Going forward there will be several issues that remain to be addressed with regards to clinical application of viroimmunotherapy. First, viral delivery remains a thorny issue for some viruses. Vaccinia and reovirus are good viruses for systemic delivery; however, the doses required to achieve systemic tumor replication are quite high and near the limits of production capacity. While we have argued the case for intratumoral delivery, it is both expensive and inconvenient. Therefore, strategies for effective targeting or evasion from systemic immunity remain relevant for maximizing the ability to apply virotherapy for patient care, particularly for patients with advanced lung cancer. The use of cellular carriers of MV is already entering clinical testing for ovarian cancer [37]. The results of these studies and several other ongoing efforts to develop strategies for systemic administration of oncolytic viruses are eagerly awaited.

Another major issue is the complex interaction between the host, tumor, and pathogen which can have a drastic impact on outcomes. It is clear that some tumors are exquisitely sensitive to viral replication and others are not. Similarly, it is likely that some tumors are very sensitive to immune therapy while others are not, and there is likely to be significant overlap between the viral-sensitive and the immune therapy-sensitive tumors. For combination studies, the effects of immune stimulation on viral replication may be deleterious for the viral-sensitive type of tumors. Therefore, careful experiments to understand the optimal timing of immune therapy in the context of oncolytic virotherapy will be important.
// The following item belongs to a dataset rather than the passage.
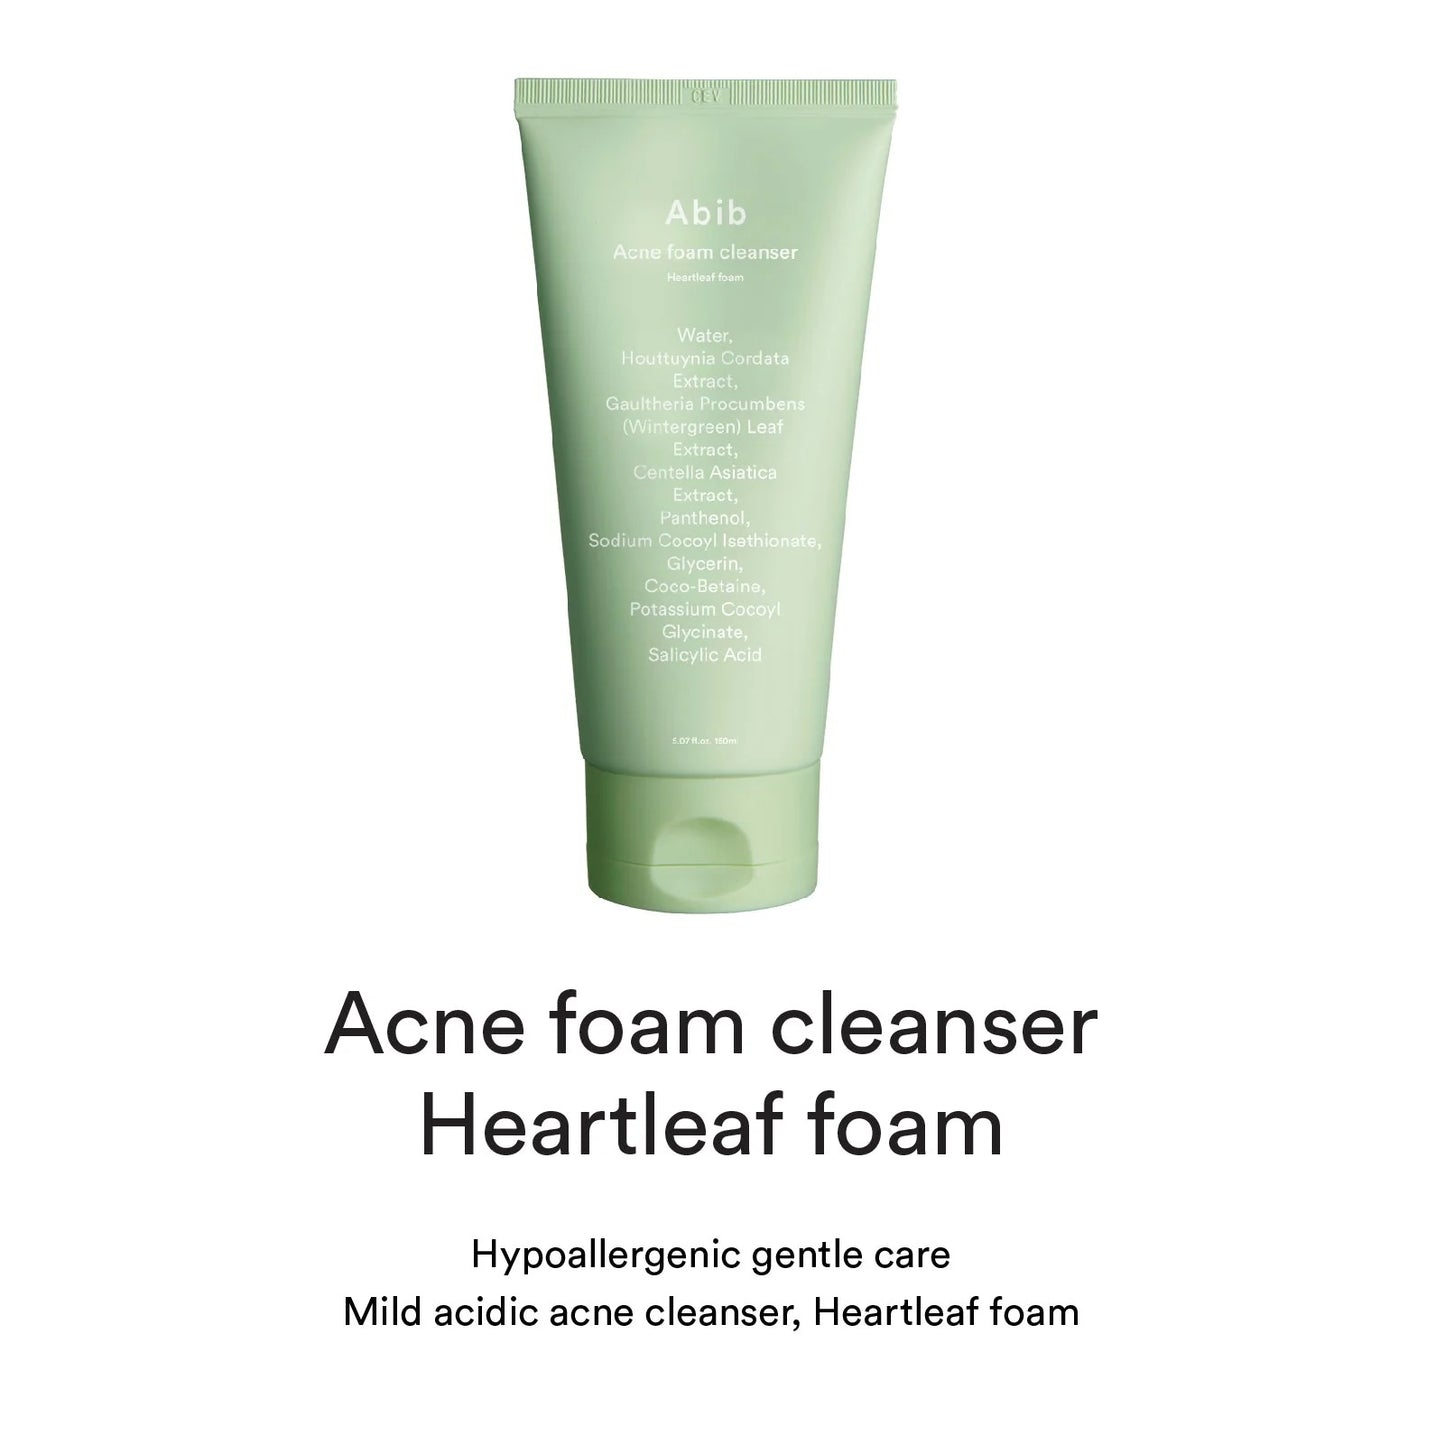 Abib Acne foam cleanser Heartleaf foam - 150ml
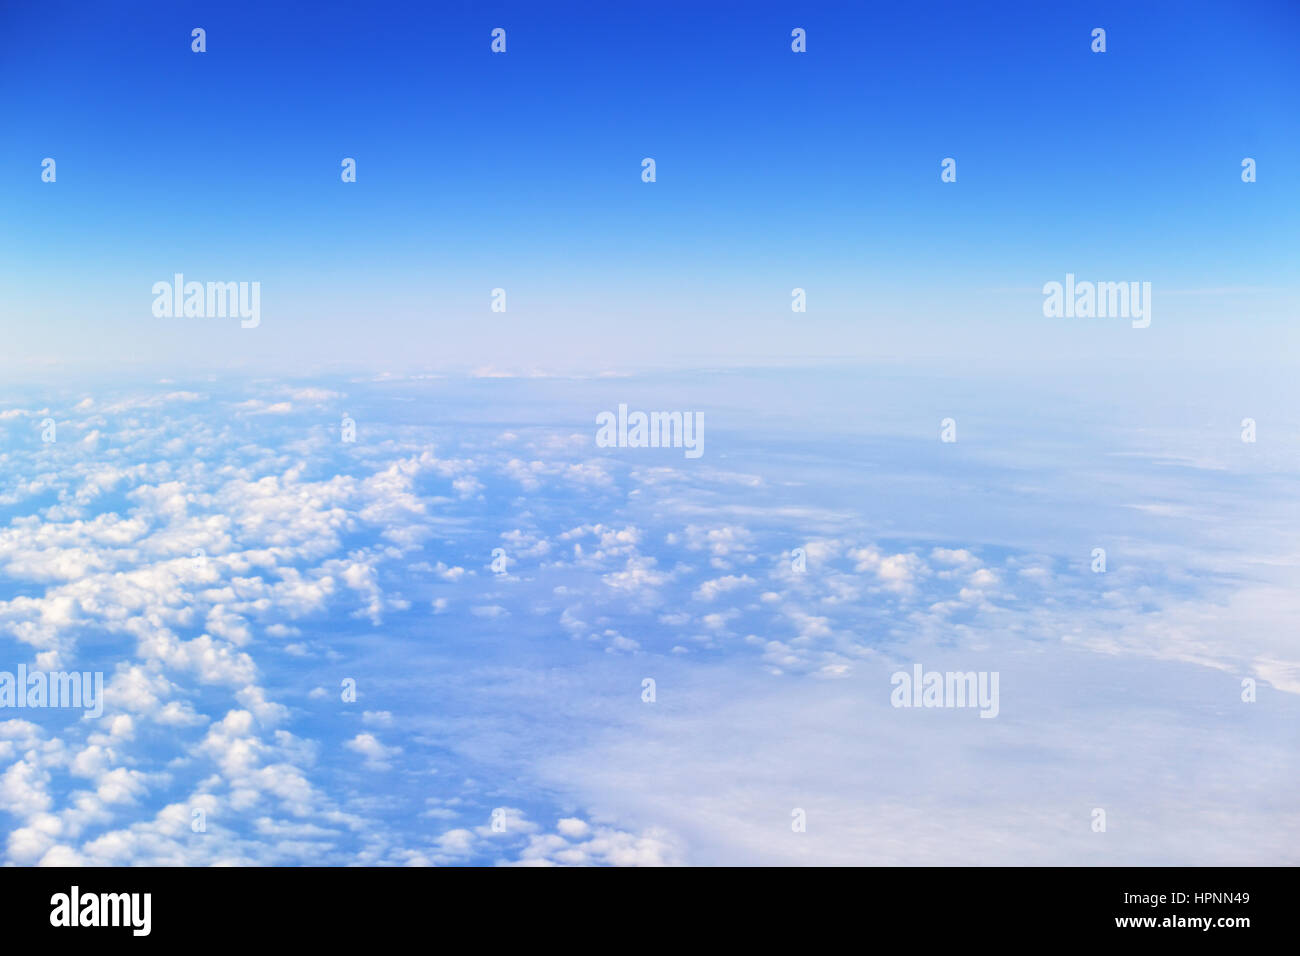 Blue sky abov nuvole bianche appaiono come neve Foto Stock

Moreover, given the substantial differences in immunity and tumors between mouse and human, it will be paramount to study the changes in the tumor microenvironment before and after virotherapy during clinical testing. Careful design of clinical trials with the goal of understanding treatment response and resistance will guide the development of the next generation of viral vectors and better deployment of the ones we already have.

There is no question that we have entered a new and exciting phase of development of oncolytic viruses as an immunotherapy for cancer. The ability of viruses to be directly cytotoxic to cancer cells offers a distinct advantage over other immune therapy strategies that rely on indirect immune stimulation. Unlike other therapies for thoracic cancers, immune therapy with checkpoint blockade has not only been generally well-tolerated, but also tantalizing in the offer of durability of response. Currently, there is an intense effort at finding effective combinations of checkpoint blockade with other immune therapy with the hopes of increasing the response rate such that the majority of patients can receive the durable benefit that so far only applies to 15%–30% of the patient population. Preclinical data with oncolytic virotherapy suggest that viruses can play an important role as an immunotherapy in their own right, but also in combination with checkpoint blockade. The time has come for clinical testing for thoracic cancers and results of upcoming early-phase trials are eagerly awaited.